The Attempt at a Solution


I am confused with how to apply the momentum vectors for the throwing arm/ball and the body of the skateboarder.
When you throw a ball, you apply a forward force to it. newtons 3rd law say an equal sized force will act back on you - accelerating you.
If you don't release the ball, you must apply a backward force to stop that ball again. That means a forward force on you.

The ball first accelerates forwards, then accelerates backwards - but has a net movement forward.

You will first accelerate backwards, then accelerate Forwards - but have a net movement back.

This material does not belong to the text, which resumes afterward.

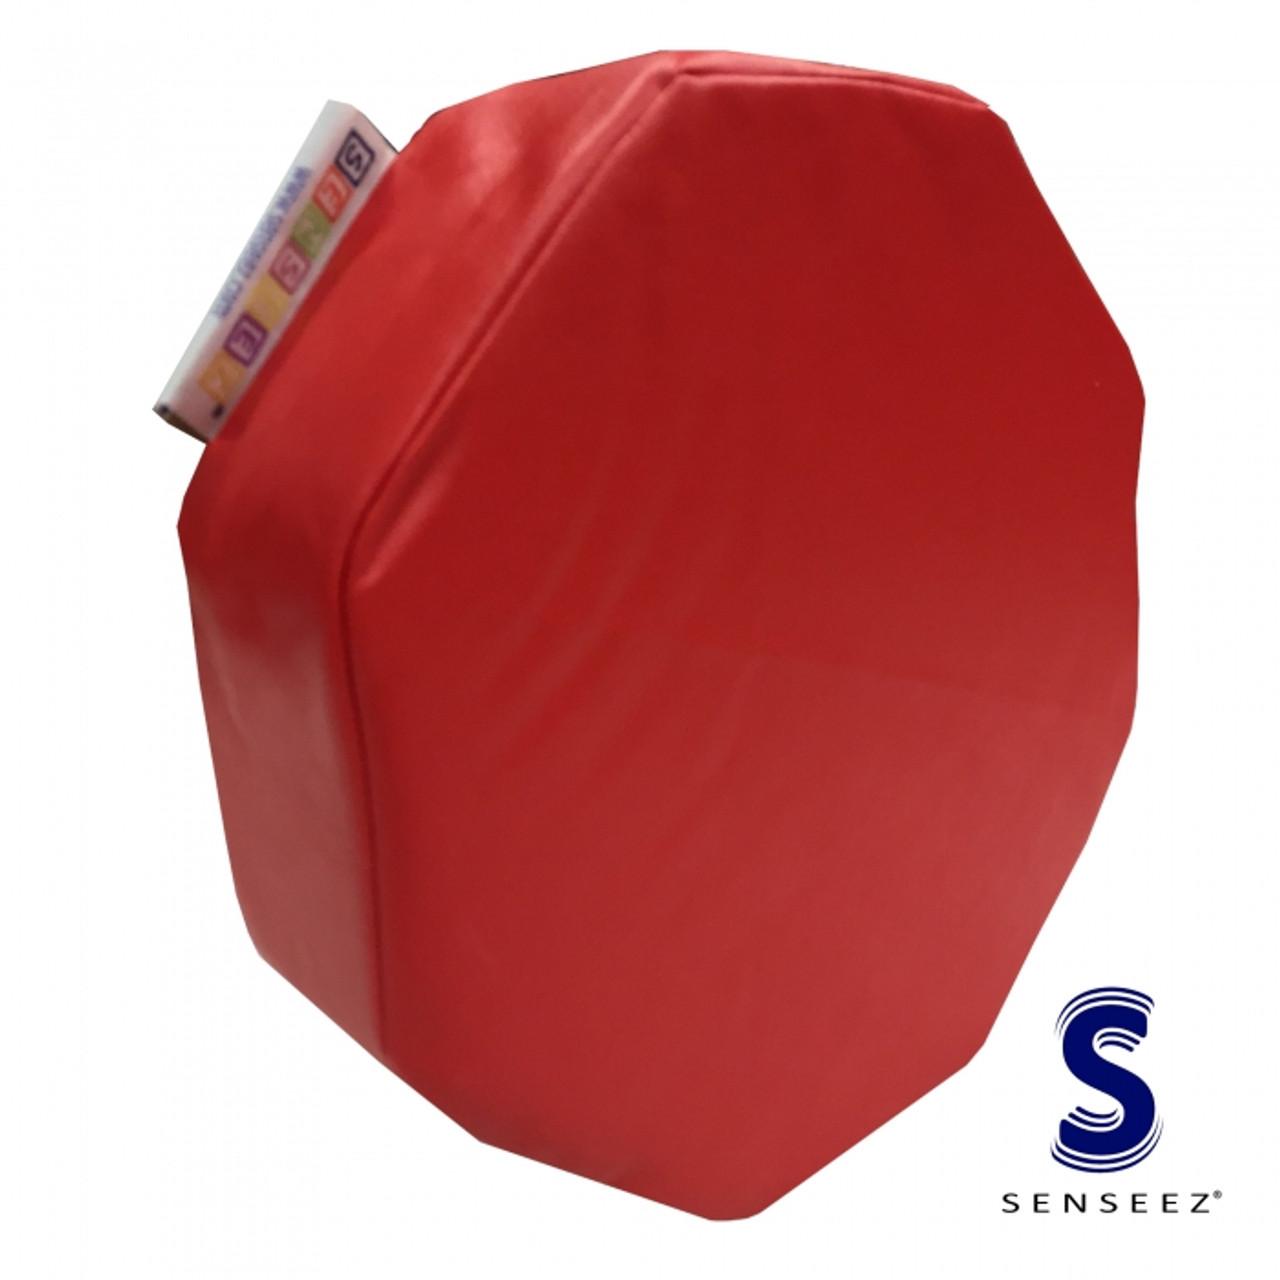 Senseez Vibrating Pillow Red Octagon

The centre of mass of you and the ball will remain in the same place throughout.
 
  • #3
Okay, that makes sense. Thanks so much. Just for clarification, I should take this to mean that for any case where a part of a system accelerates but is not released (ie if somehow rocket exhaust gases were released into a compartment of the rocket itself and not into space), there will be no recoil/equal and opposite momentum (ie the rocket will not move)? Basically, for some momentum to cause an equal and opposite reactant momentum, the 2 masses having momentum must separate?
 
  • #4
PeterO
Homework Helper
2,425
46
Okay, that makes sense. Thanks so much. Just for clarification, I should take this to mean that for any case where a part of a system accelerates but is not released (ie if somehow rocket exhaust gases were released into a compartment of the rocket itself and not into space), there will be no recoil/equal and opposite momentum (ie the rocket will not move)? Basically, for some momentum to cause an equal and opposite reactant momentum, the 2 masses having momentum must separate?
That is correct, they must separate to get continuing motion.